Akhesa pensó en las bandas de desvalijadores beduinos que, desierta la capital de Atón de sus ocupantes, se instalarían en ella y la mancillarían.

Ninguna guardia fronteriza, ningún policía les impediría el acceso a los palacios y las villas. Los abrirían y saquearían, permitiendo que el viento y la arena degradaran las delicadas pinturas.

El alba ligera enrojecía las montañas y disipaba las brumas que velaban todavía los campos. La brisa del norte hinchaba las velas de los barcos que componían la imponente flotilla que partía hacia el sur. Los estibadores los habían cargado con una considerable cantidad de muebles. En la barca real se habían depositado los cofres que contenían objetos de aseo y preciosas telas.

En pocos días, la ciudad de luz creada por Akenatón quedaría vacía. Los más pobres partirían en barcazas de transporte fletadas por el Estado y regresarían a los poblados de donde habían salido, con la alegría en el corazón, para fundar una capital.

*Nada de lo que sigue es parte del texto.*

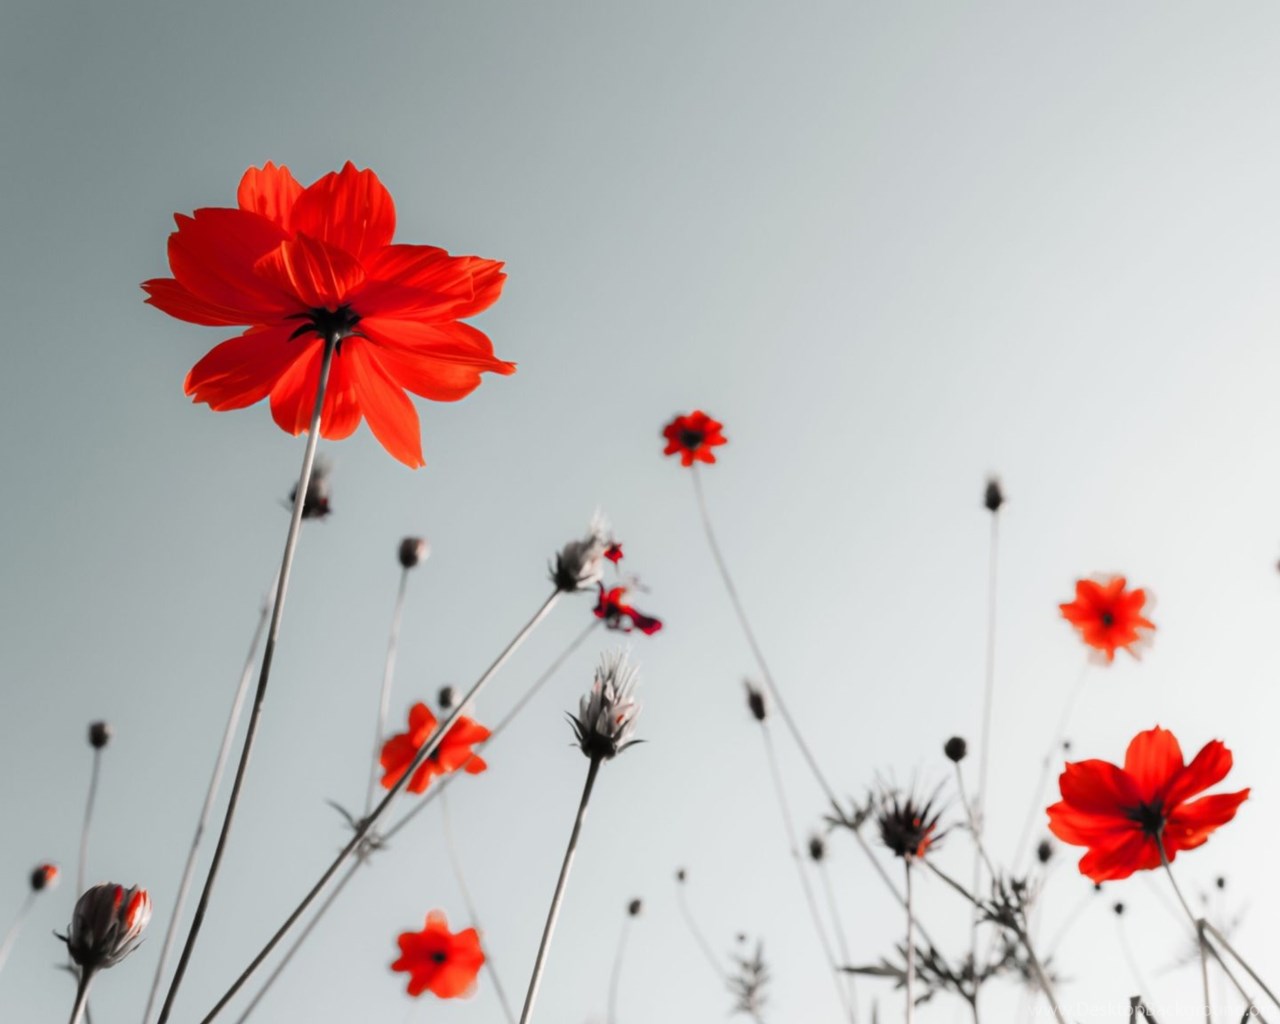 Red Flowers Under Grey Sky Wallpaper For Lenovo S820 Desktop Background

Tutankatón y Akhesa se habían instalado bajo una tienda que se levantaba en el centro de la barca real. Les protegería del sol durante el viaje. Les servirían bebidas frescas y frutas.

El adolescente disponía de un tablero de juegos, feliz de poder jugar con aquella a la que amaba cada vez más apasionadamente. El porvenir le parecía risueño. Los dioses le colmaban de todas las felicidades.

Akhesa le hizo esperar. De pie en el puente, contemplaba la ciudad del sol, que iba desapareciendo a medida que el barco se alejaba. Un recodo del río le ocultó para siempre la ciudad de Akenatón, el profeta de la luz.

Unas lágrimas corrieron por las mejillas de la hija del faraón maldito.